December 3, 2008
Albuquerque Journal
SMOKING'S GENETIC SHIELD?
By Amanda Schoenberg, Journal Staff WriterHispanic female smokers in New Mexico may be less likely to develop chronic smoking-related breathing problems than non-Hispanic white women even if they smoked for the same number of years, scientists reported in a recent study.
Researchers said the link between ethnicity and smoking-related breathing problems could eventually pave the way for a better understanding of chronic obstructive pulmonary disease, the fourth-leading cause of death in the United States, according to the Centers for Disease Control and Prevention.
The five-year study, supported by the Tobacco Settlement Commission of New Mexico, was published last month in the Journal of Chronic Obstructive Pulmonary Disease. It included 1,433 former or current smokers ages 40 to 75 in Albuquerque. Just more than 17 percent, or 248, of the participants were Hispanic women. The rest were non-Hispanic white women. All had smoked at least 20 years.
Results indicated that when scientists adjusted factors like socioeconomic background, age, current smoking status and number of years spent smoking, Hispanic female smokers were half as likely as Anglo women in New Mexico to experience airflow obstruction in their lungs.
Scientists cautioned that these kind of ethnic differences shouldn't put any smokers at ease.
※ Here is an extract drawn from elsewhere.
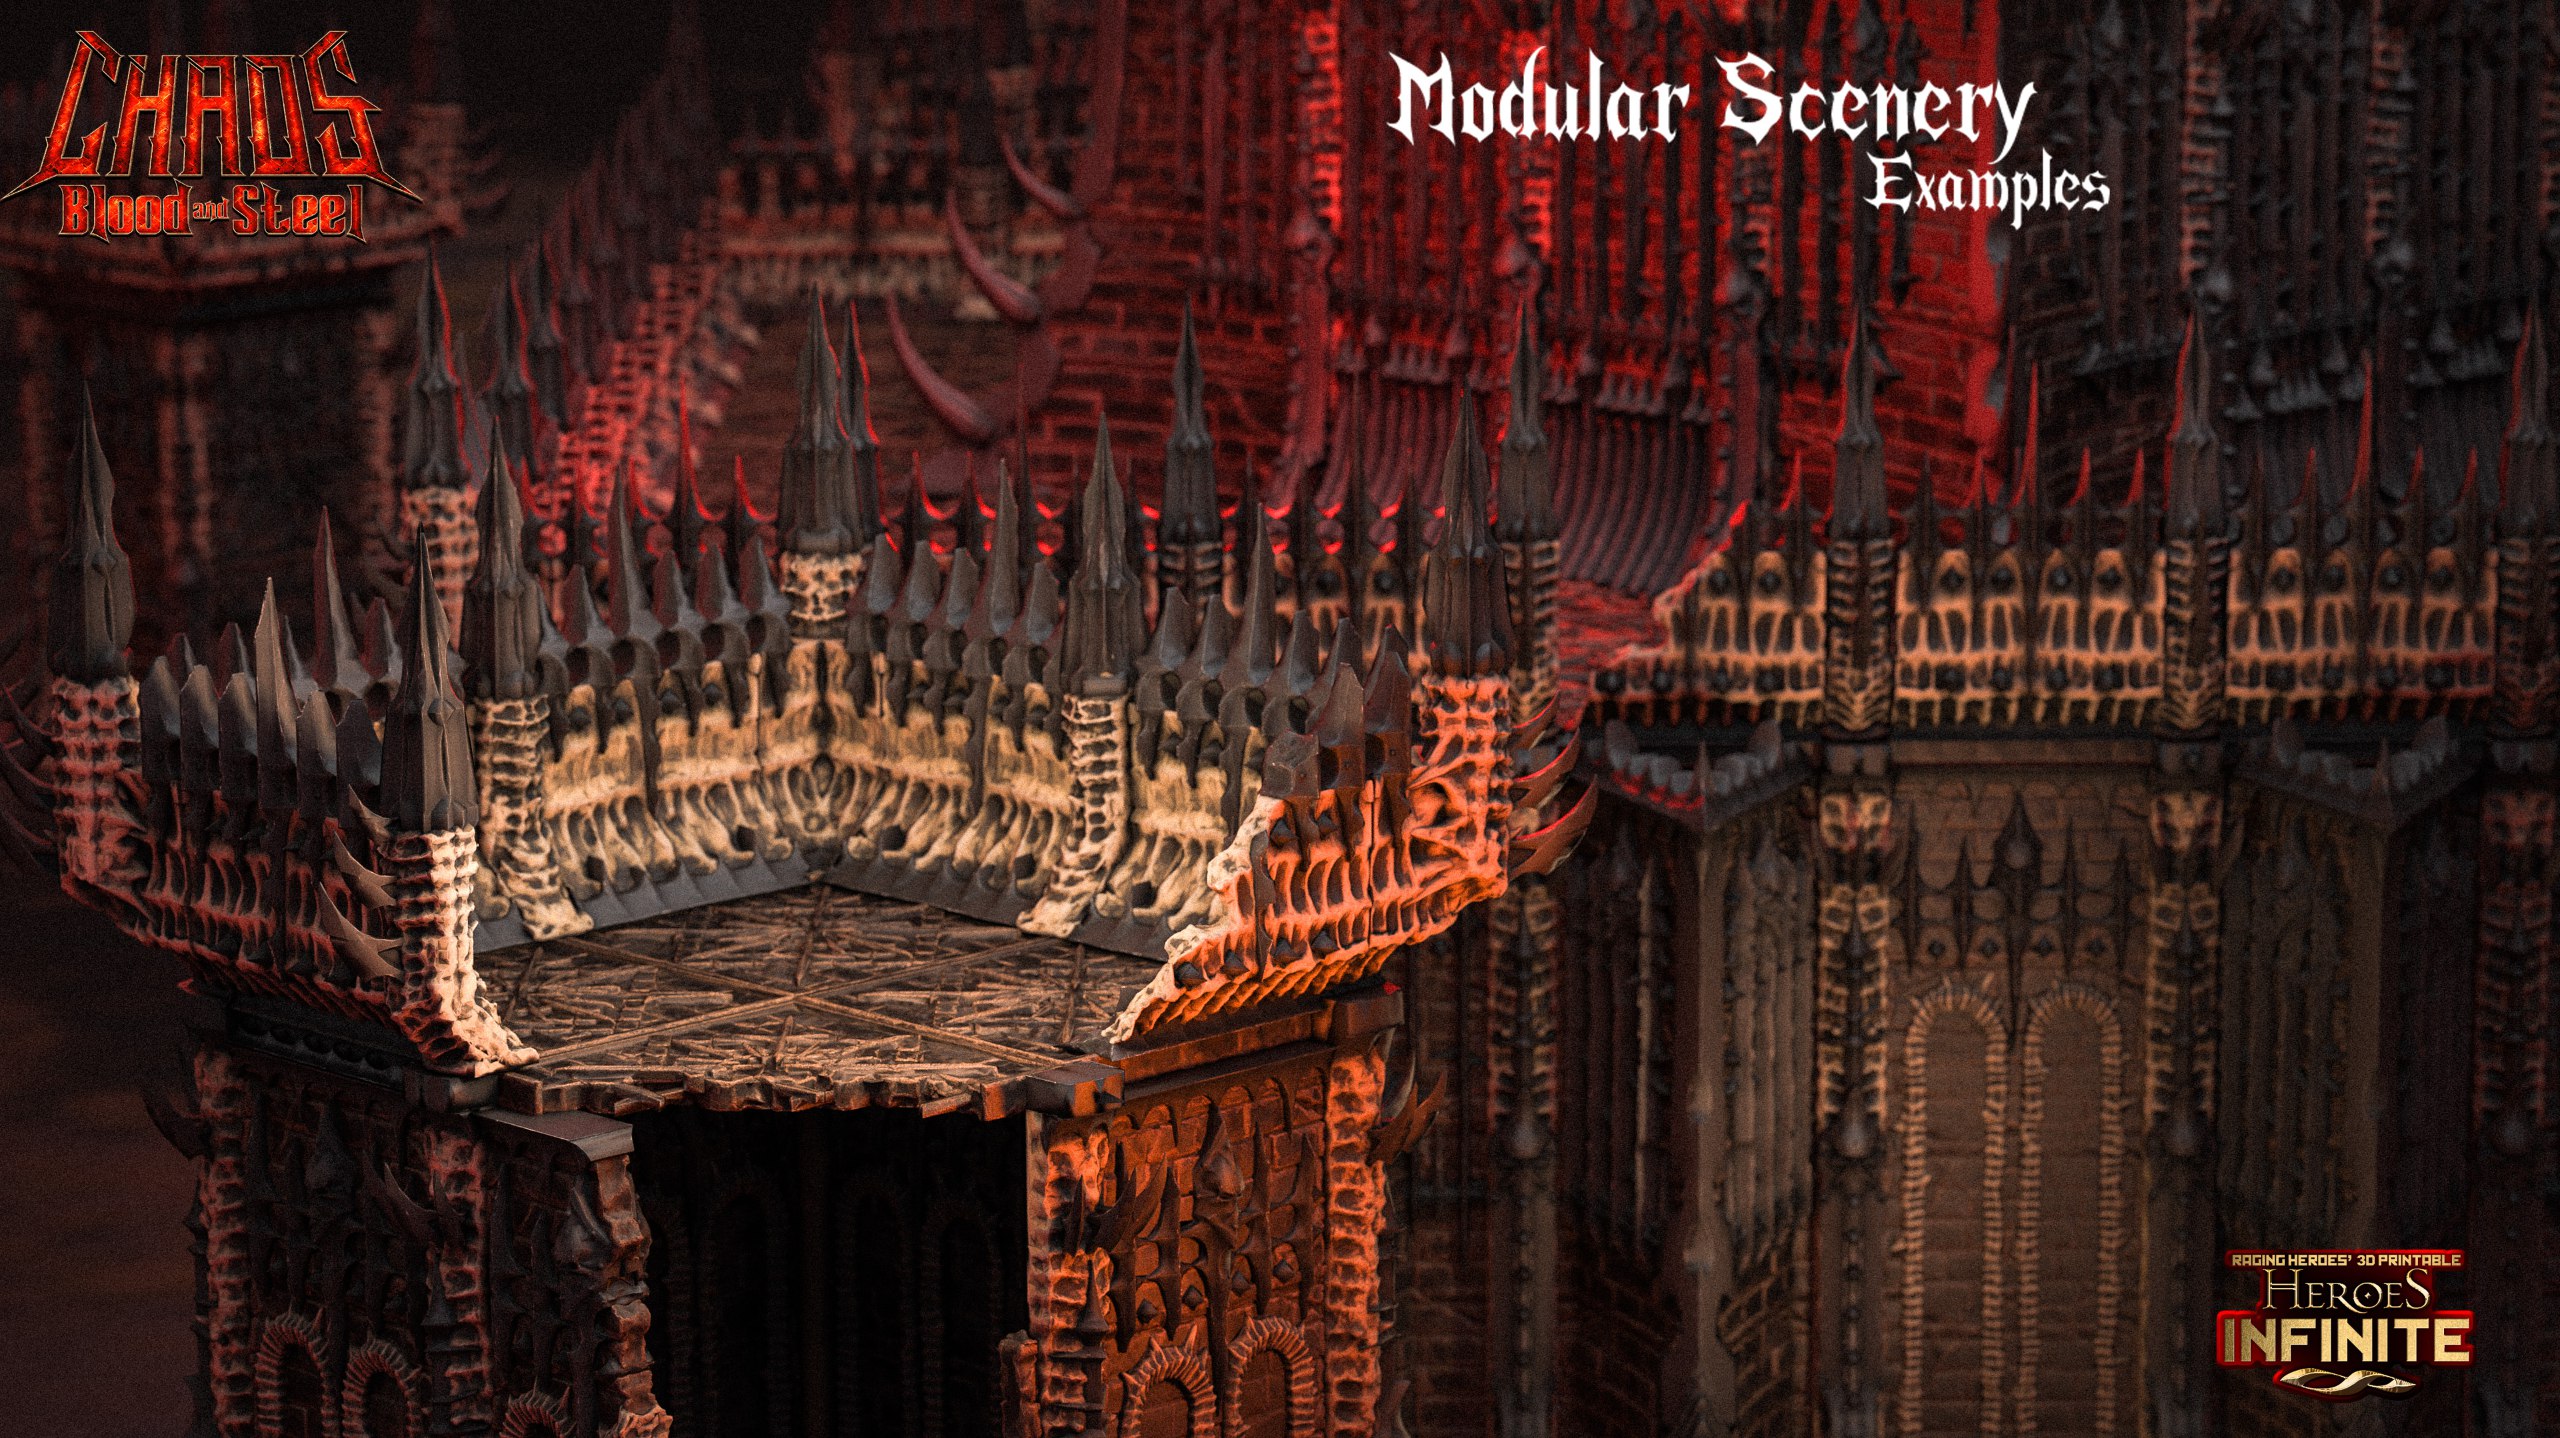 Chaos Blood and Steel — Modular Scenery

Even if smokers don't develop COPD, the many other risks of smoking, such as heart disease and lung cancer, remain significant, said Dr. Norman Edelman, chief medical officer at the American Lung Association.
"The next question is, what is it about Hispanics that protects them?" said study author Dr. Akshay Sood, an associate professor of medicine at the University of New Mexico.
"Understanding susceptibility is the most important thing to finding treatment."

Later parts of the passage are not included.